Content starts

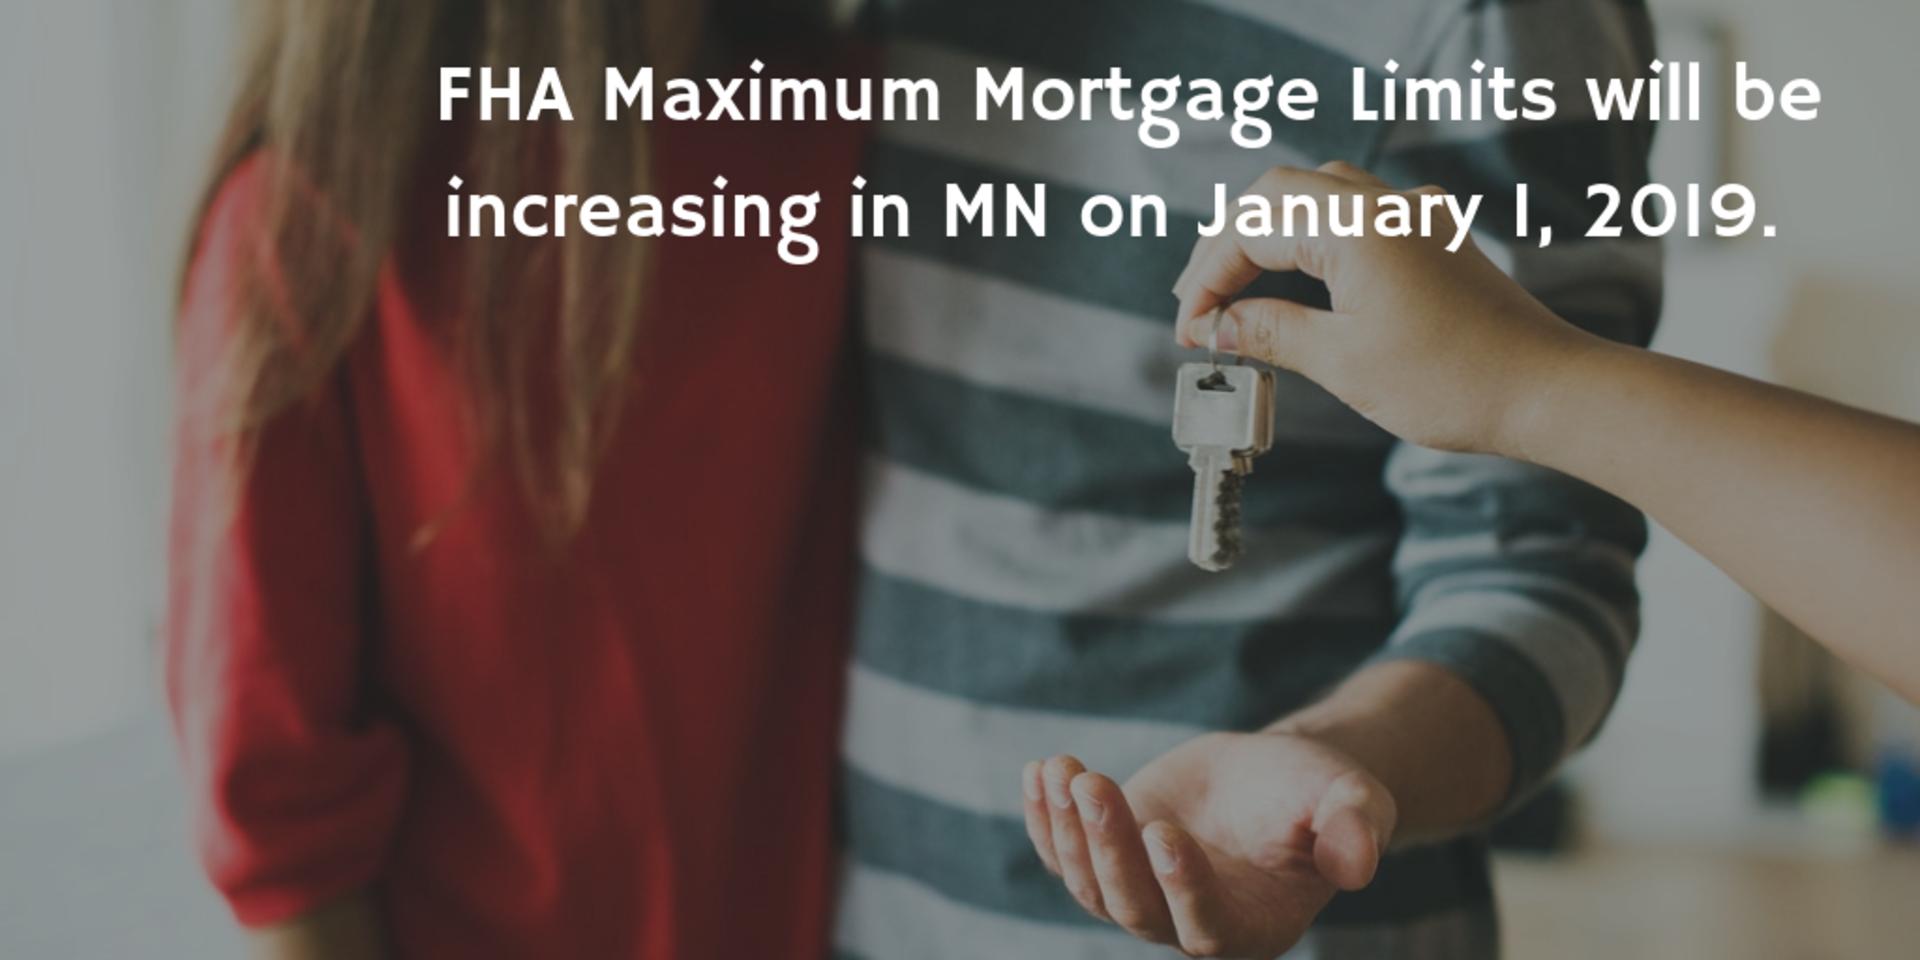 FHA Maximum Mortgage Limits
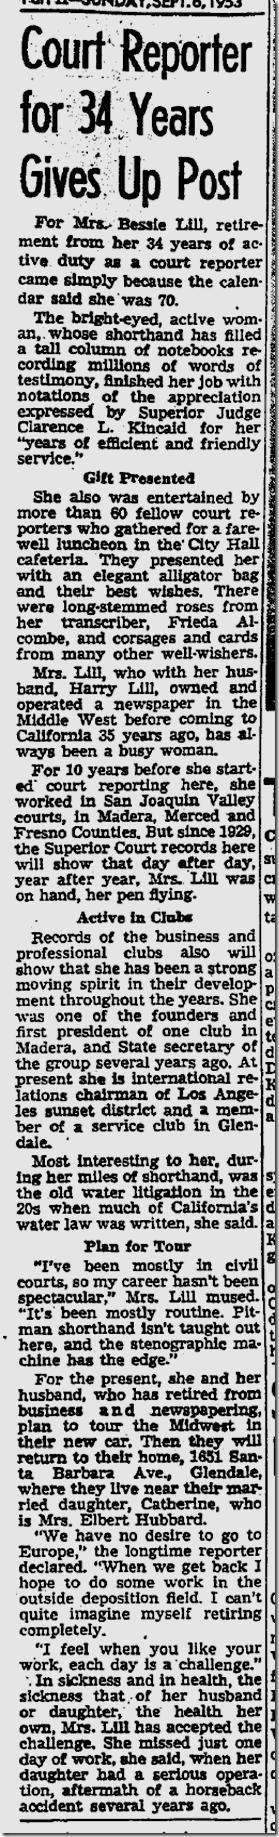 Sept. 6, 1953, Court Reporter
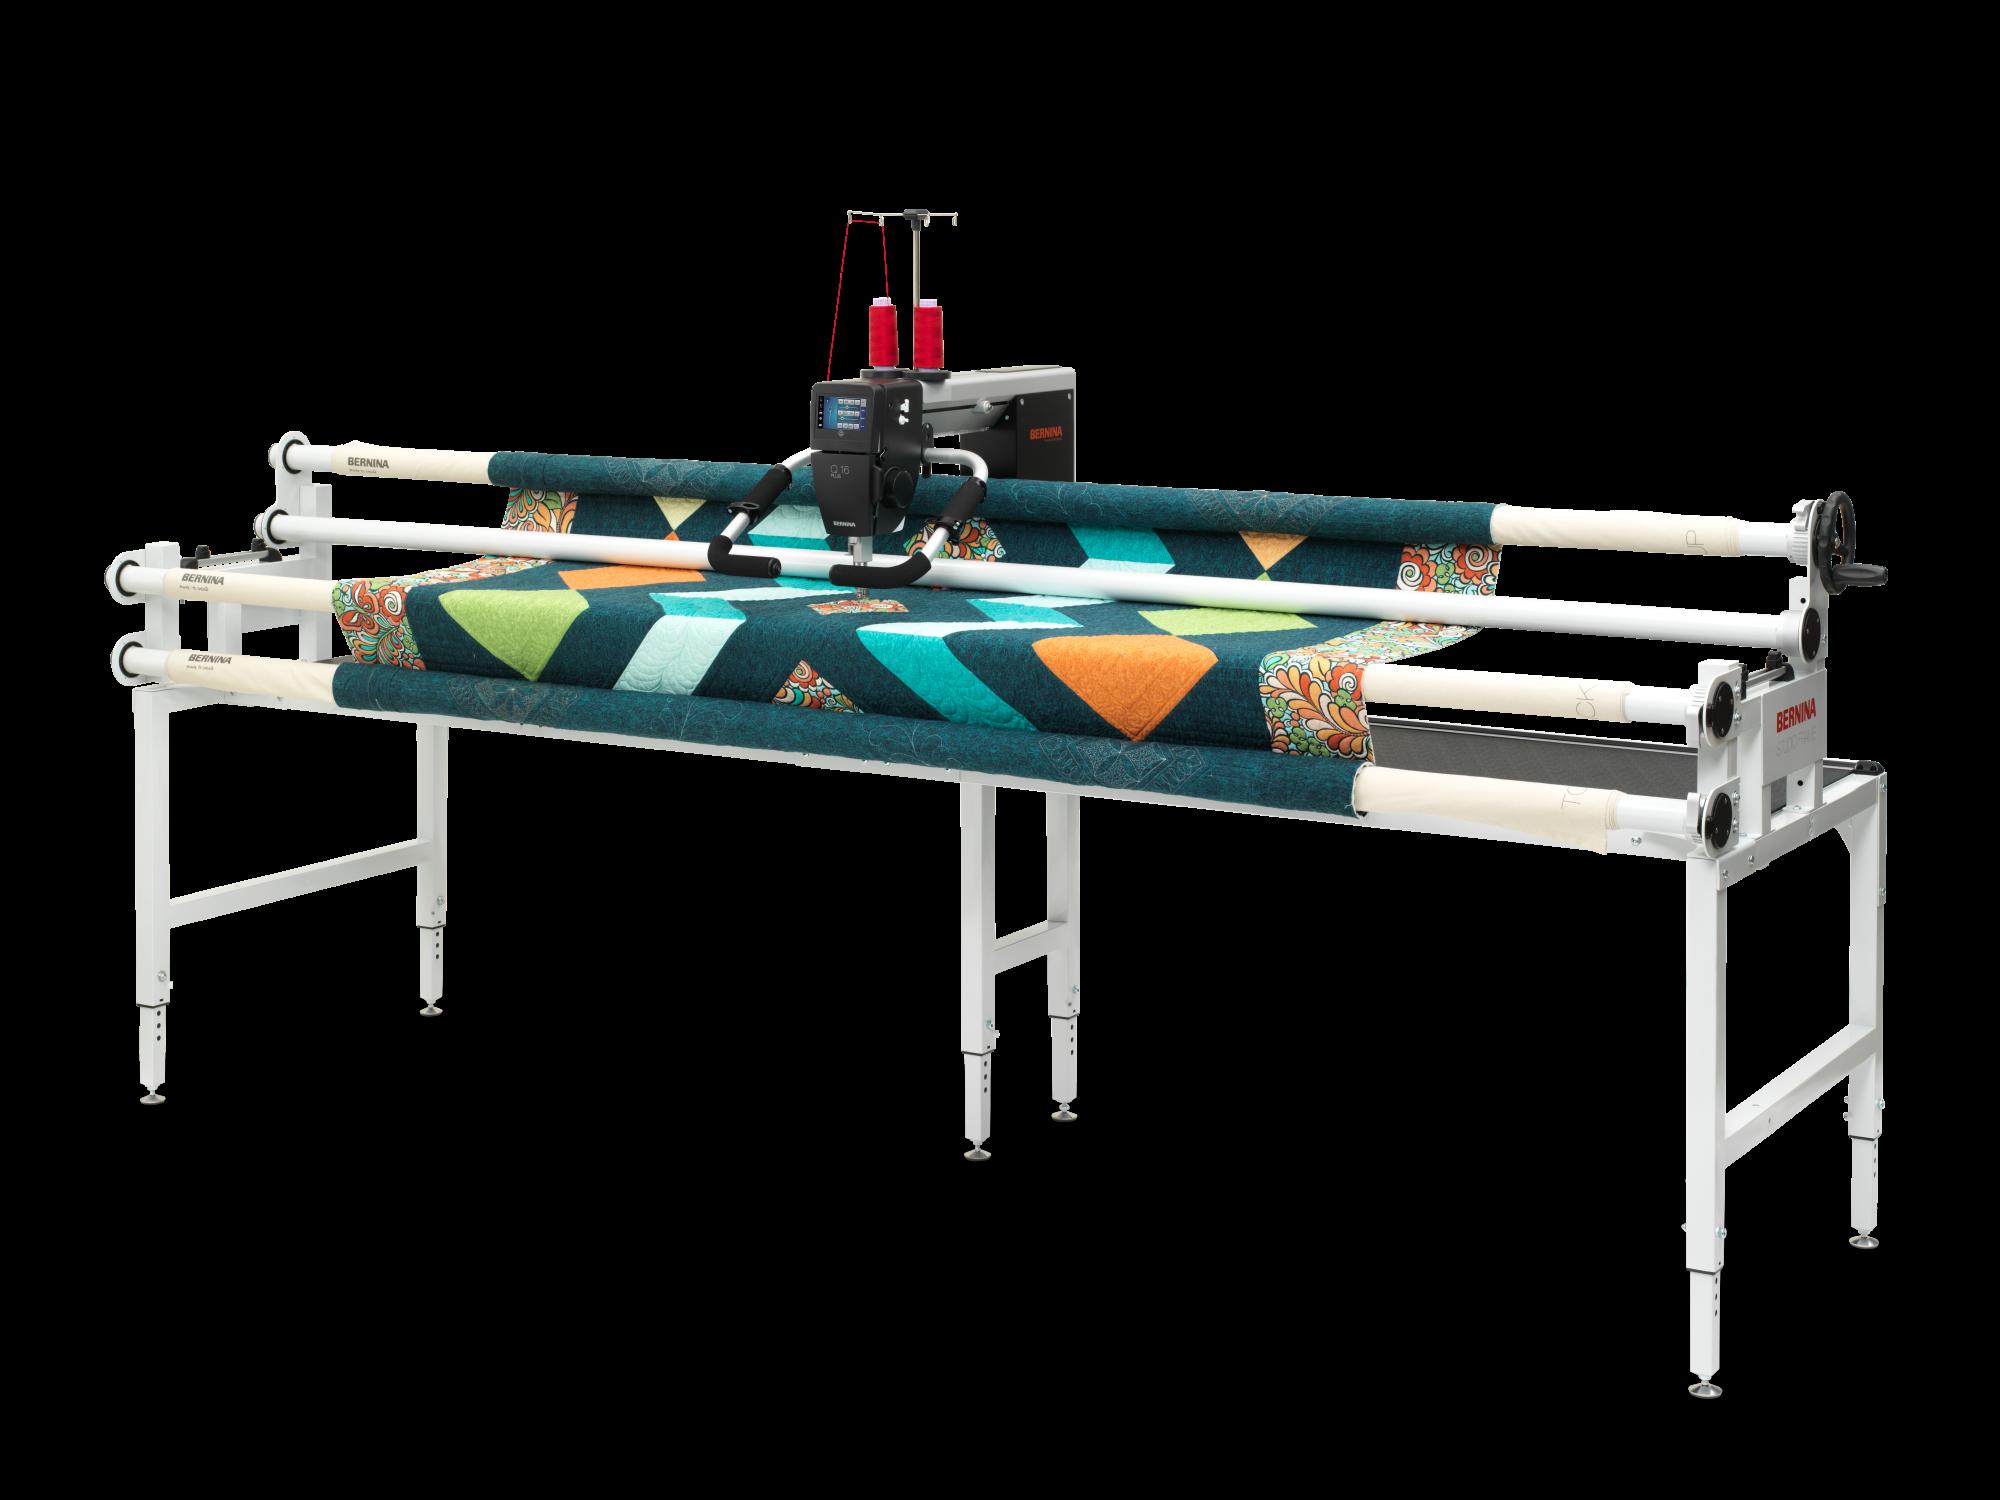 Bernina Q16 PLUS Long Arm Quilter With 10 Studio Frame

Content ends
Content starts

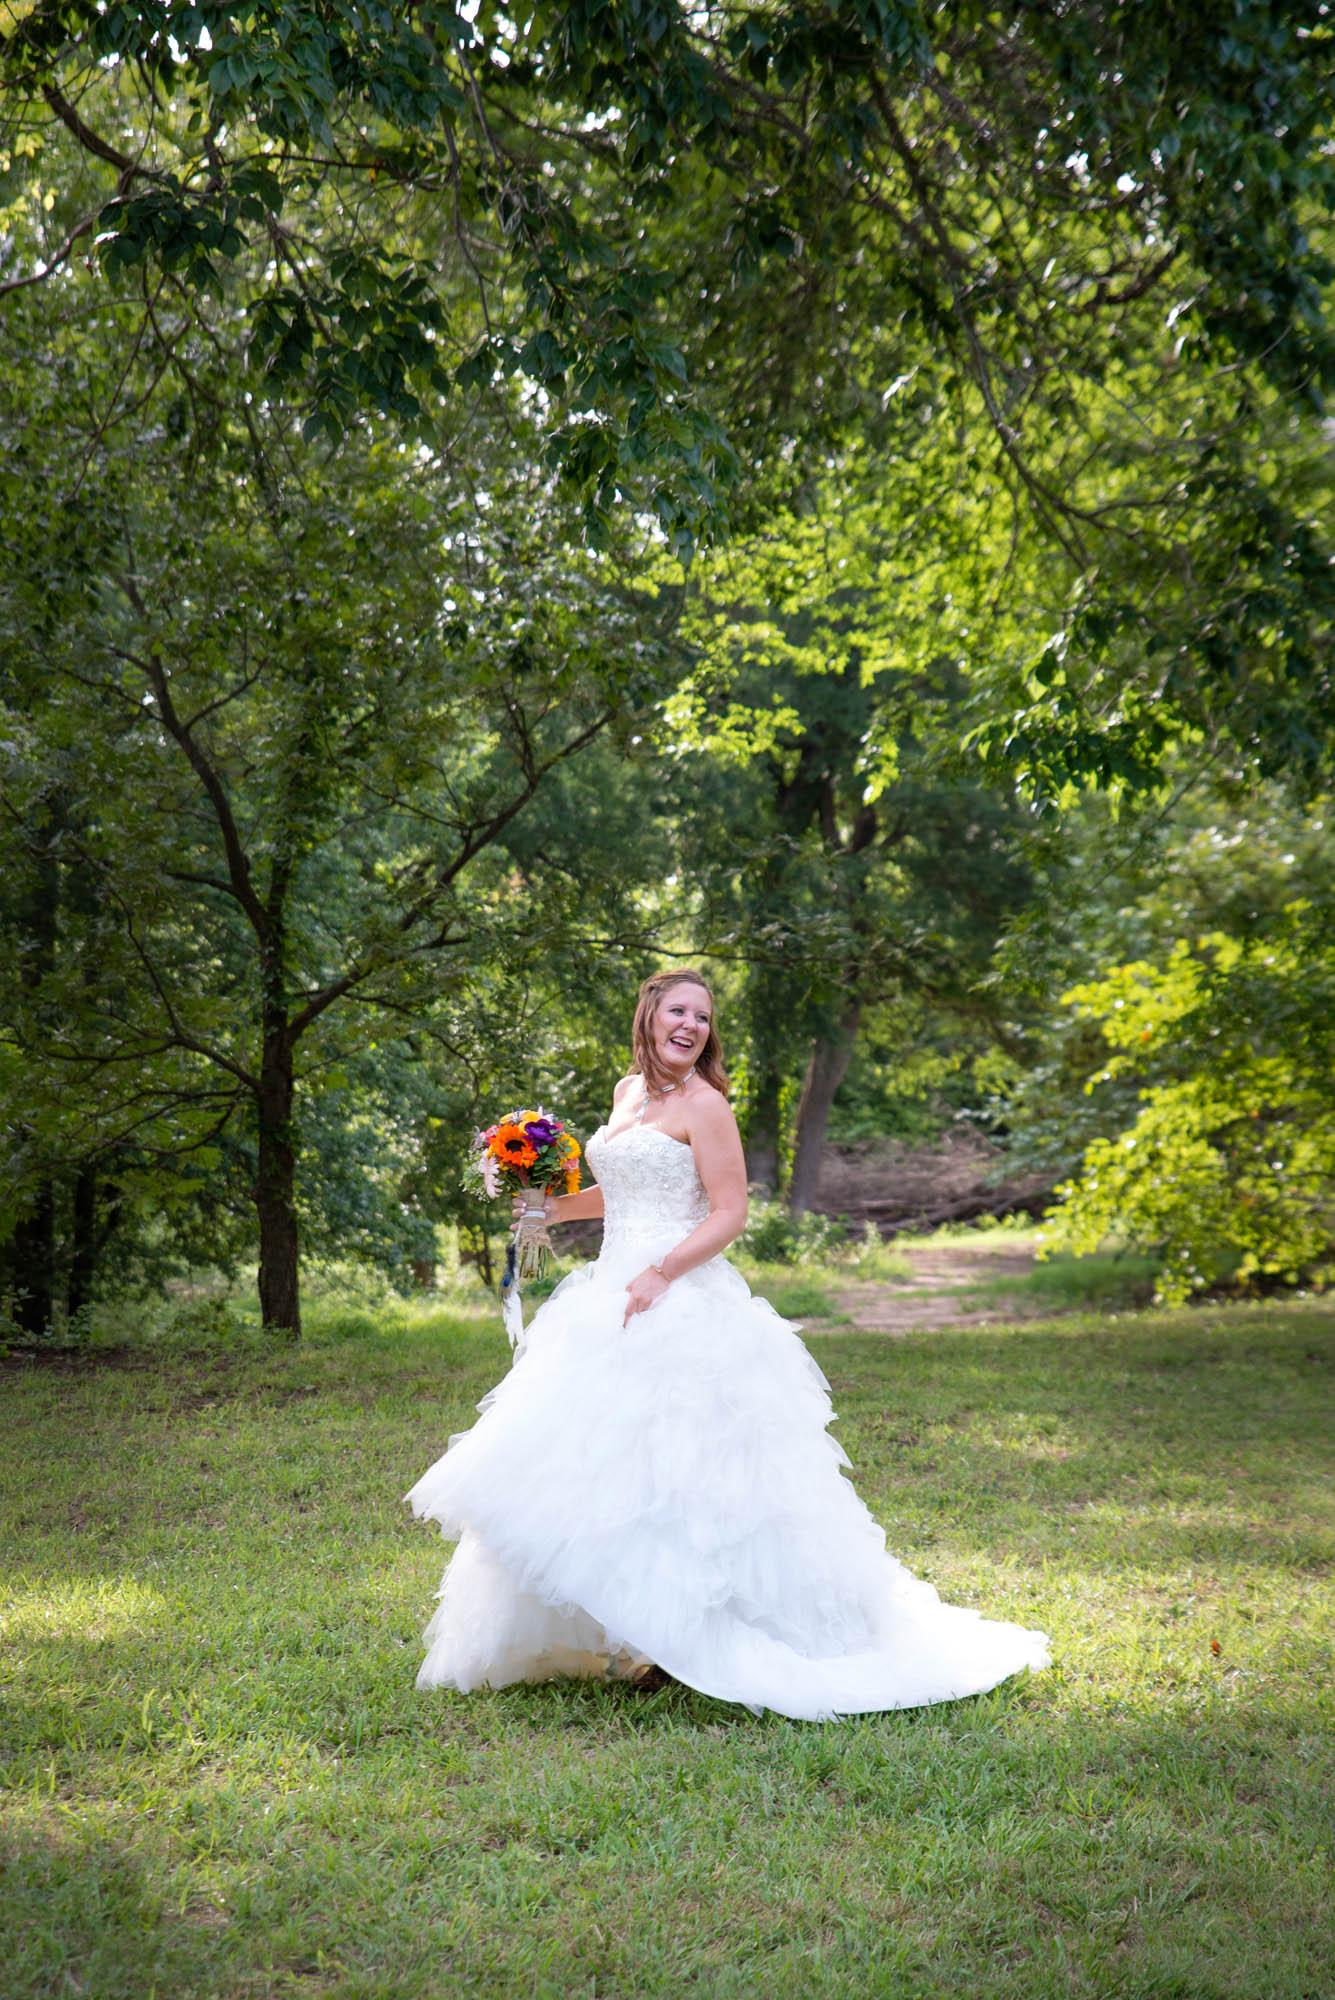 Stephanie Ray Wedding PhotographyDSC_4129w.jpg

Content ends

=== PROBLEM ===
Copy back exactly the lines above from the one containing "FHA Maximum Mortgage Limits" through the one containing "Bernina Q16 PLUS", and leave every picture behind.

=== YOUR RESPONSE ===
 FHA Maximum Mortgage Limits
 Sept. 6, 1953, Court Reporter
 Bernina Q16 PLUS Long Arm Quilter With 10 Studio Frame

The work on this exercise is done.